Original Horovod code:

 1
 2
 3
 4
 5
 6
 7
 8
 9
10
11
12
13
14
15
16
17
18
19
20
21
22
23
24
25
26
27
28
29
30
31
32
33
34
35
36
import tensorflow as tf
import horovod.tensorflow as hvd

# Initialize Horovod
hvd.init()

# Pin GPU to be used to process local rank (one GPU per process)
config = tf.ConfigProto()
config.gpu_options.visible_device_list = str(hvd.local_rank())

# Build model...
loss = ...
opt = tf.train.AdagradOptimizer(0.01 * hvd.size())

# Add Horovod Distributed Optimizer
opt = hvd.DistributedOptimizer(opt)

# Add hook to broadcast variables from rank 0 to all other processes during
# initialization.
hooks = [hvd.BroadcastGlobalVariablesHook(0)]

# Make training operation
train_op = opt.minimize(loss)

# Save checkpoints only on worker 0 to prevent other workers from corrupting them.
checkpoint_dir = '/tmp/train_logs' if hvd.rank() == 0 else None

# The MonitoredTrainingSession takes care of session initialization,
# restoring from a checkpoint, saving to a checkpoint, and closing when done
# or an error occurs.
with tf.train.MonitoredTrainingSession(checkpoint_dir=checkpoint_dir,
                                       config=config,
                                       hooks=hooks) as mon_sess:
  while not mon_sess.should_stop():
    # Perform synchronous training.
    mon_sess.run(train_op)

Code after porting:

 1
 2
 3
 4
 5
 6
 7
 8
 9
10
11
12
13
14
15
16
17
18
19
20
21
22
23
24
25
26
27
28
29
30
31
32
33
34
35
36
37
38
39
40
41
42
43
44
45
46
47
48
49
50
51
52
53
54
55
# Import the NPU libraries.
import tensorflow as tf
from npu_bridge.npu_init import *

# In this example, another session is created to initialize HCCL when the HCCL group management API is called. For details, see .
npu_int = npu_ops.initialize_system()
npu_shutdown = npu_ops.shutdown_system()
config = tf.ConfigProto(allow_soft_placement=True)
# Add an NPU optimizer named NpuOptimizer. During network compilation, the NPU traverses only the session configurations under NpuOptimizer.
custom_op =  config.graph_options.rewrite_options.custom_optimizers.add()
custom_op.name =  "NpuOptimizer"
# Explicitly disable the remapping and memory_optimization functions of TensorFlow to avoid conflicts with the functions of the NPU.
config.graph_options.rewrite_options.remapping = RewriterConfig.OFF
config.graph_options.rewrite_options.memory_optimization = RewriterConfig.OFF  
init_sess = tf.Session(config=config)
init_sess.run(npu_int)

# Pin GPU to be used to process local rank (one GPU per process)
config.gpu_options.visible_device_list = str(get_local_rank_id())  # Change "hvd.local_rank" to "get_local_rank_id".

# Build model...
loss = ...
opt = tf.train.AdagradOptimizer(0.01 * get_rank_size())   # Change "hvd.size" to "get_rank_size".

# NPU allreduce
# Change hvd.DistributedOptimizer to npu_distributed_optimizer_wrapper.
opt = npu_distributed_optimizer_wrapper(opt)   
# Add hook to broadcast variables from rank 0 to all other processes during initialization.
hooks = [NPUBroadcastGlobalVariablesHook(0)]

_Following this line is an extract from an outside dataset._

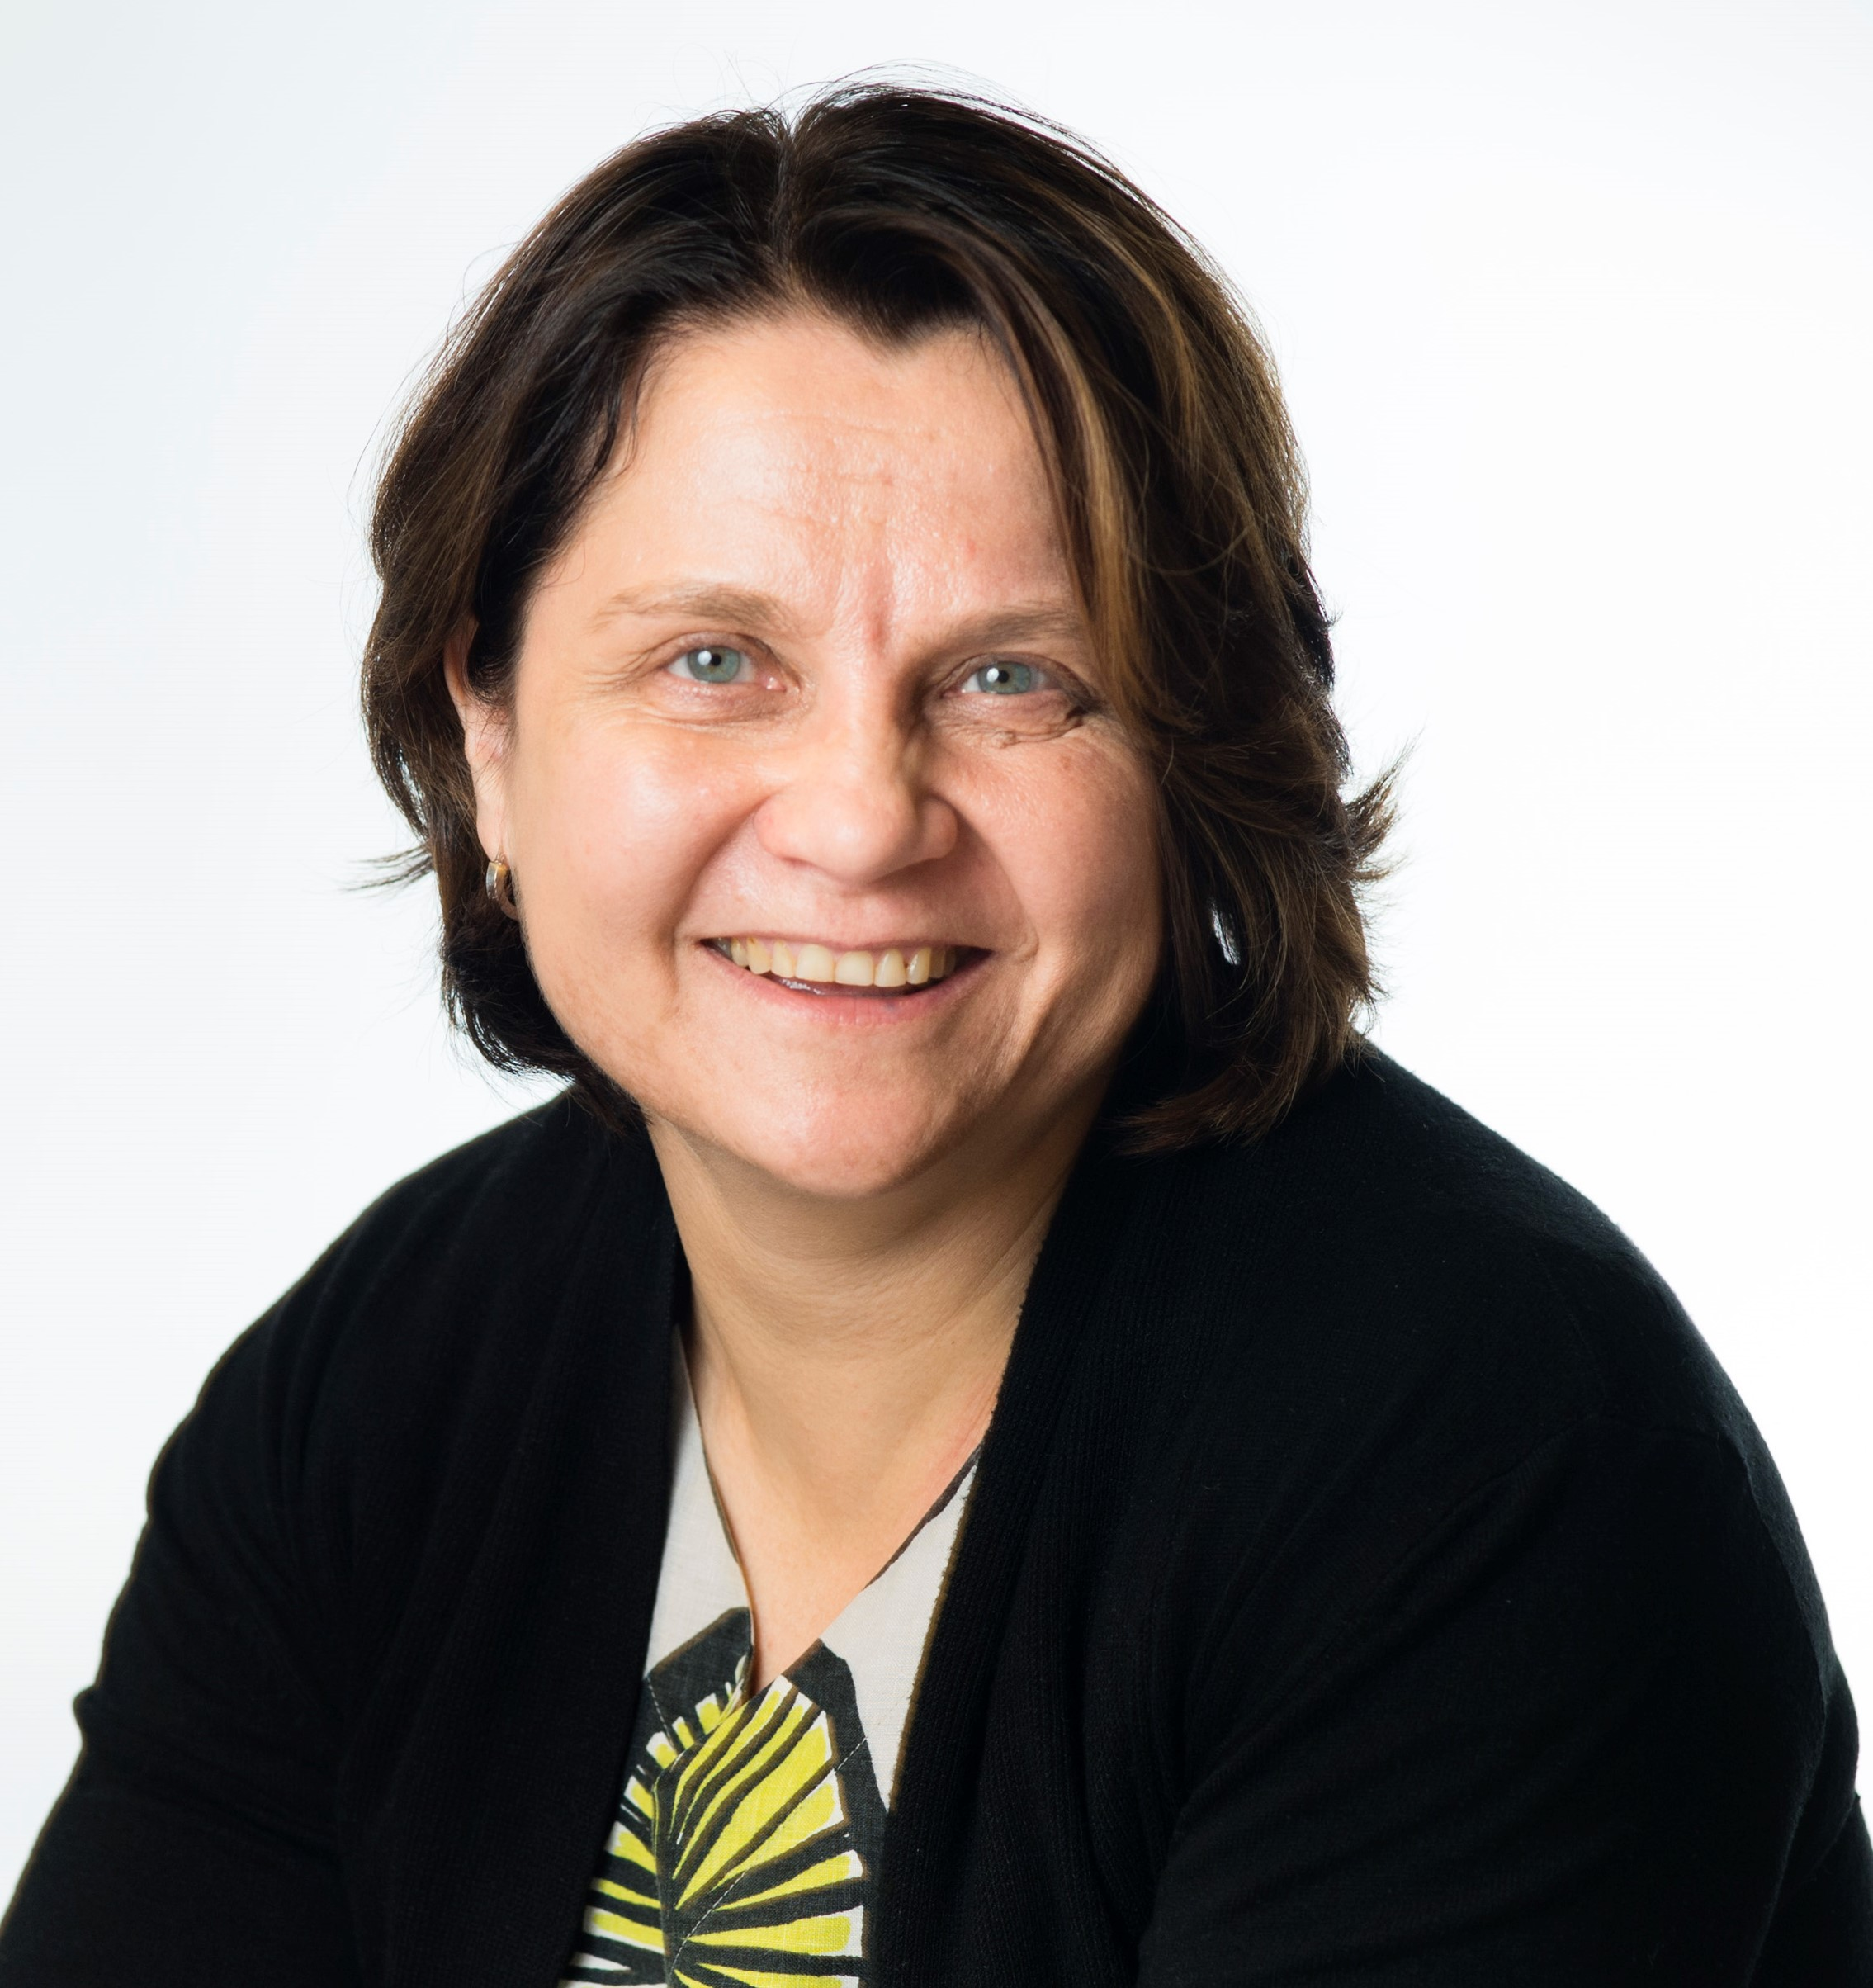 Anne-Maria Pajari

# In sess.run mode, call the broadcast collective communication API to broadcast variables.
input = tf.trainable_variables()
bcast_global_variables_op = hccl_ops.broadcast(input, 0)

# Make training operation
train_op = opt.minimize(loss)

# Save checkpoints only on worker 0 to prevent other workers from corrupting them.
checkpoint_dir = '/tmp/train_logs' if get_rank_id() == 0 else None  # Change "hvd.rank" to "get_rank_id".

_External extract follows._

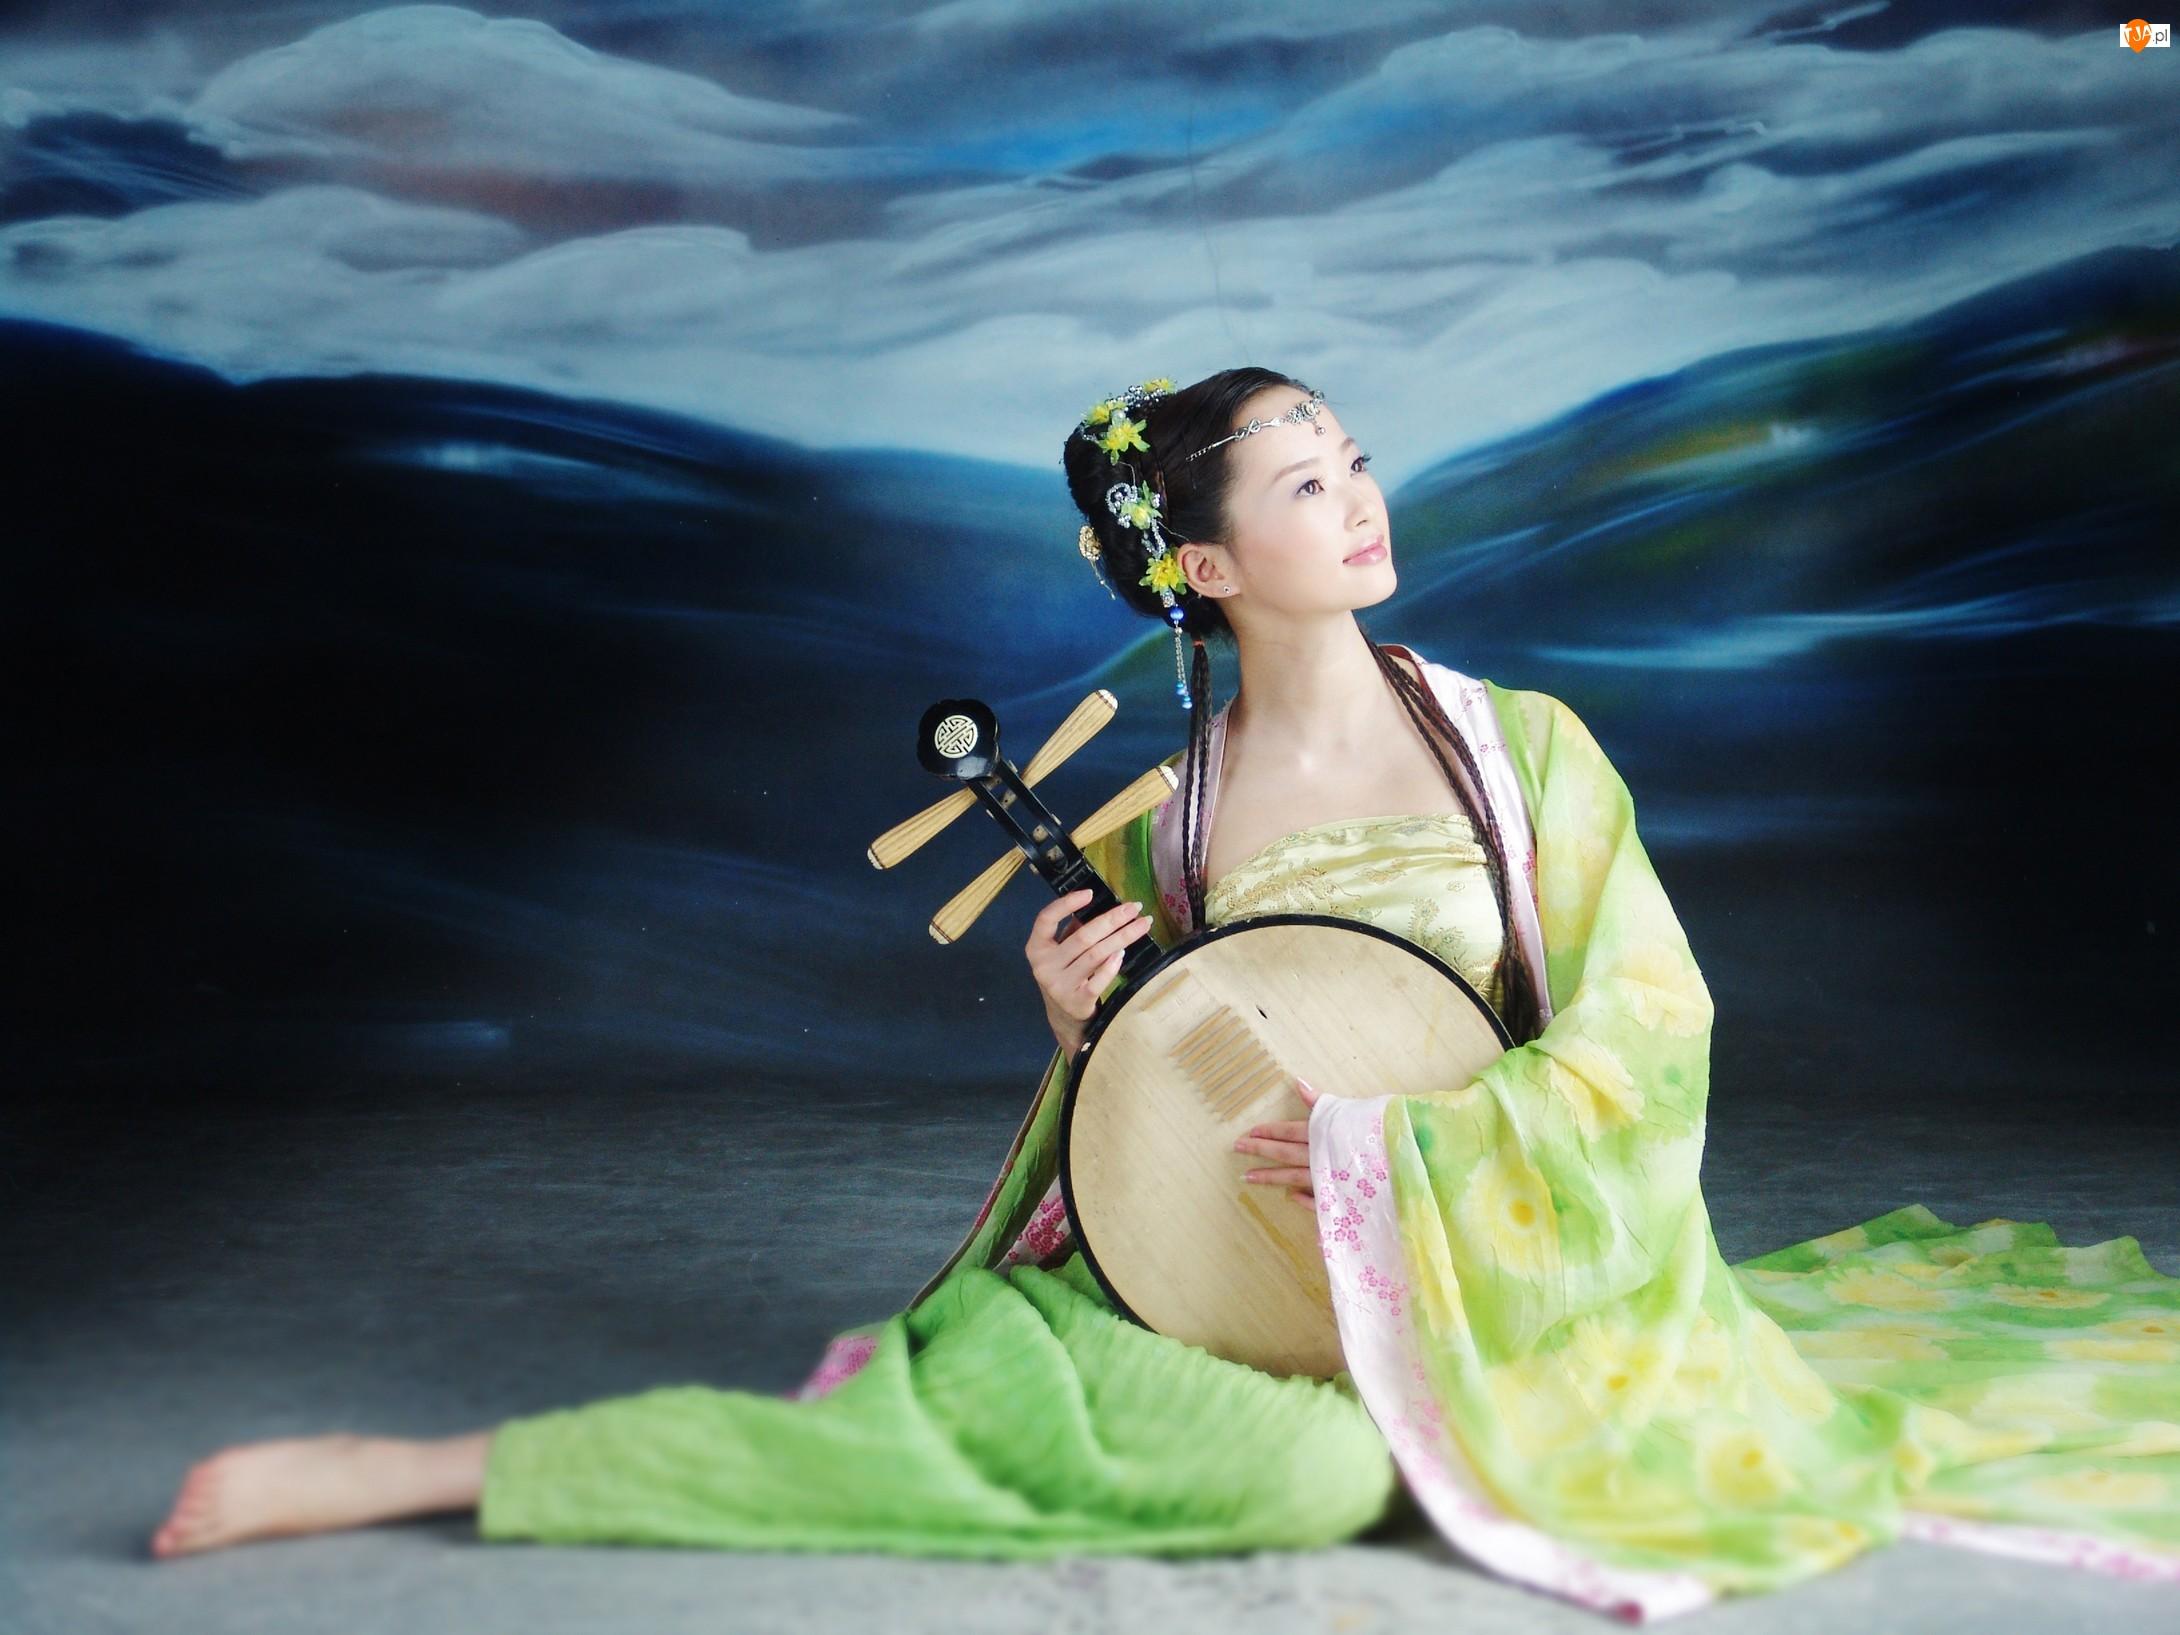 Kimono, Kobieta, Instrument

# The MonitoredTrainingSession takes care of session initialization,
# restoring from a checkpoint, saving to a checkpoint, and closing when done
# or an error occurs.
with tf.train.MonitoredTrainingSession(checkpoint_dir=checkpoint_dir,
                                       config=config,
                                       hooks=hooks) as mon_sess:
  # Broadcast the variables.
  mon_sess.run(bcast_global_variables_op)  
  while not mon_sess.should_stop():
    # Perform synchronous training.
    mon_sess.run(train_op) 
  
# After training, call the shutdown_system function to close the session.
init_sess.run(npu_shutdown)
init_sess.close()

NPUDistributedOptimizer is still compatible in the current version.